1
votes

I'd like to build a natural language date parser in ANTLR4 and got stuck on ignoring "noise" input. The simplified grammar below parses any string that contains valid dates in the format DATE MONTH:

dates
    : simple_date dates
    | EOF
    ;

simple_date
    : DATE MONTH
    ;

DATE  : [0-9][0-9]?;
MONTH : January | February | March // etc.;

Text such as "1 January 22 February" will be accepted. I wanted the grammar accept other text as well, so I added ANY : . -> skip; at the end:

dates
    : simple_date dates
    | EOF
    ;

simple_date
    : DATE MONTH
    ;

DATE  : [0-9][0-9]?;
MONTH : January | February | March // etc.;
ANY   : . -> skip;

This doesn't quite do what I want, however. While string such as "On 1 January and 22 February" is accepted and the simple_date rule is matched twice, string "On 1XX January" will also match the rule.
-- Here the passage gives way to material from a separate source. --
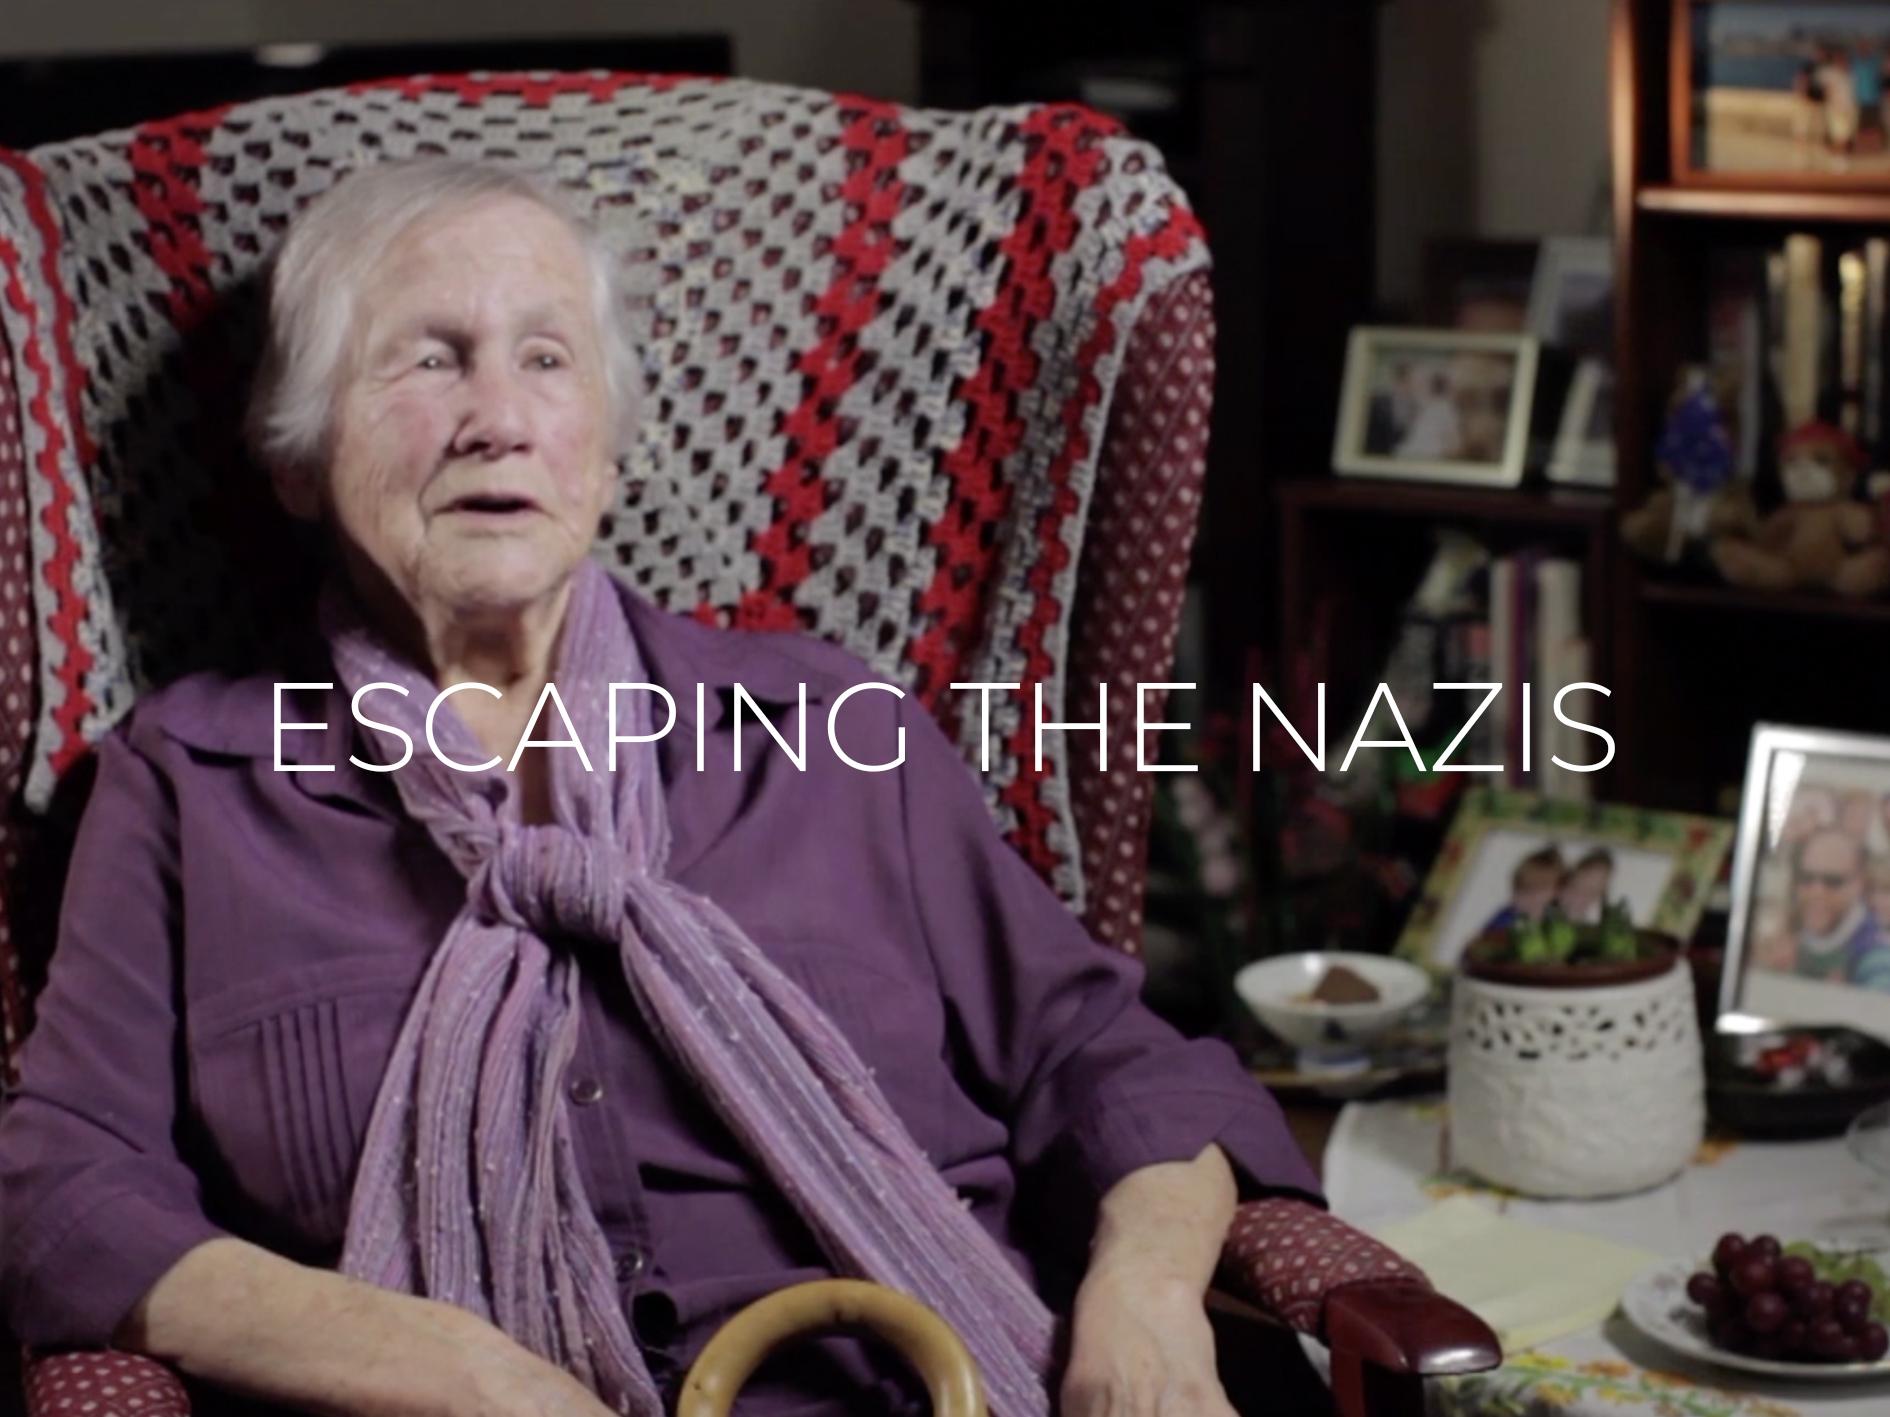 Escaping The Nazis Thumbnail.jpg

Question: How do I build a grammar where rules are matched only with the exact token sequence while ignoring all other input, including tokens in an order not defined in any of the rules? Consider the following cases:

"From 1 January to 2 February" -> simple_date matches "1 January" and "2 February"
"From 1XX January to 2 February" -> simple_date matches "2 February", rest is ignored
"From January to February" -> no match, everything ignored
1
you need to post a working grammar. How does your grammar match "1 January 22 February"? Some rules should have used the + or * operators which wasn't shown.JavaMan
Sorry, there was a typo in the grammars - I've changed the date to dates in the top-level rule to make it work as described.David

1 Answers

1
votes

Do not drop extra "noise" in lexer such as your ANY rule. Lexer does not know under what context the current token is. And what you want is "dropping some noise tokens when it is not of the form DATE MONTH". Move your ANY rule to parser rules that match the noise.
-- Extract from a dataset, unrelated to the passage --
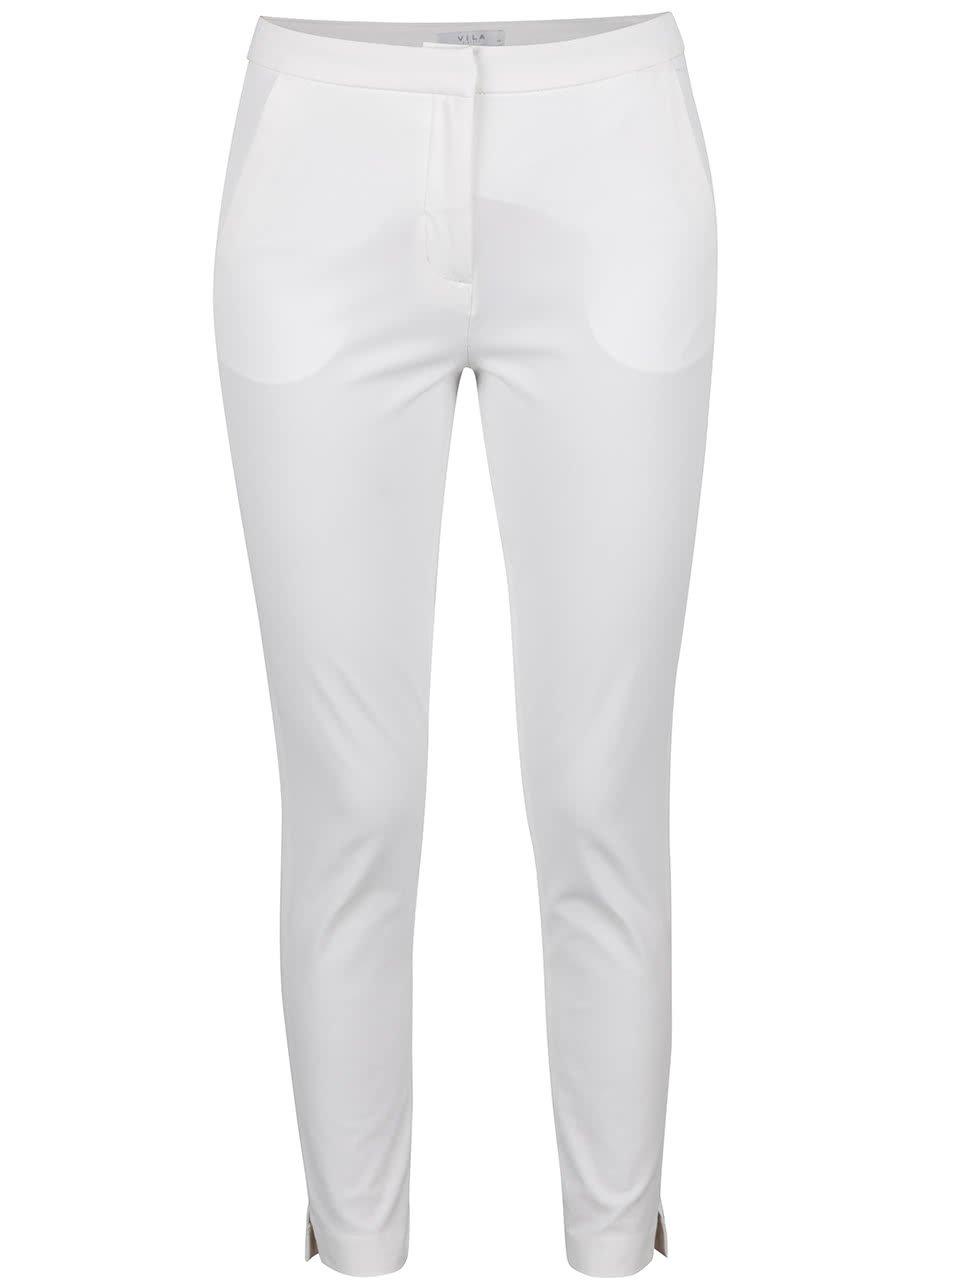 Krémové kalhoty VILA Erika

Also, it's advisable to drop white spaces IN THE LEXER. But in that case, your ANY rule should exclude those matched by the WS rule. Also pay attention that your DATE rule intercepted a noise token of the form [0-9][0-9]?

dates
    : (noise* (simple_date) noise*)+

    ;

simple_date
    : DATE MONTH
    ;
noise: (DATE|ANY);

DATE  : [0-9][0-9]?;
MONTH : 'January' | 'February' | 'March' ;
ANY   : ~(' '|'\t' | '\f')+ ;
WS    : [ \t\f]+ -> skip;

Accepts:

1 January and 22 February  noise 33
1 January and 22 February 3

Rejects:

1xx January

This wasn't fully tested. Also your MONTH lexer rule also intercepted a standalone month literal (e.g. January) which is considered a noise but not handled in my grammar e.g.

22 February January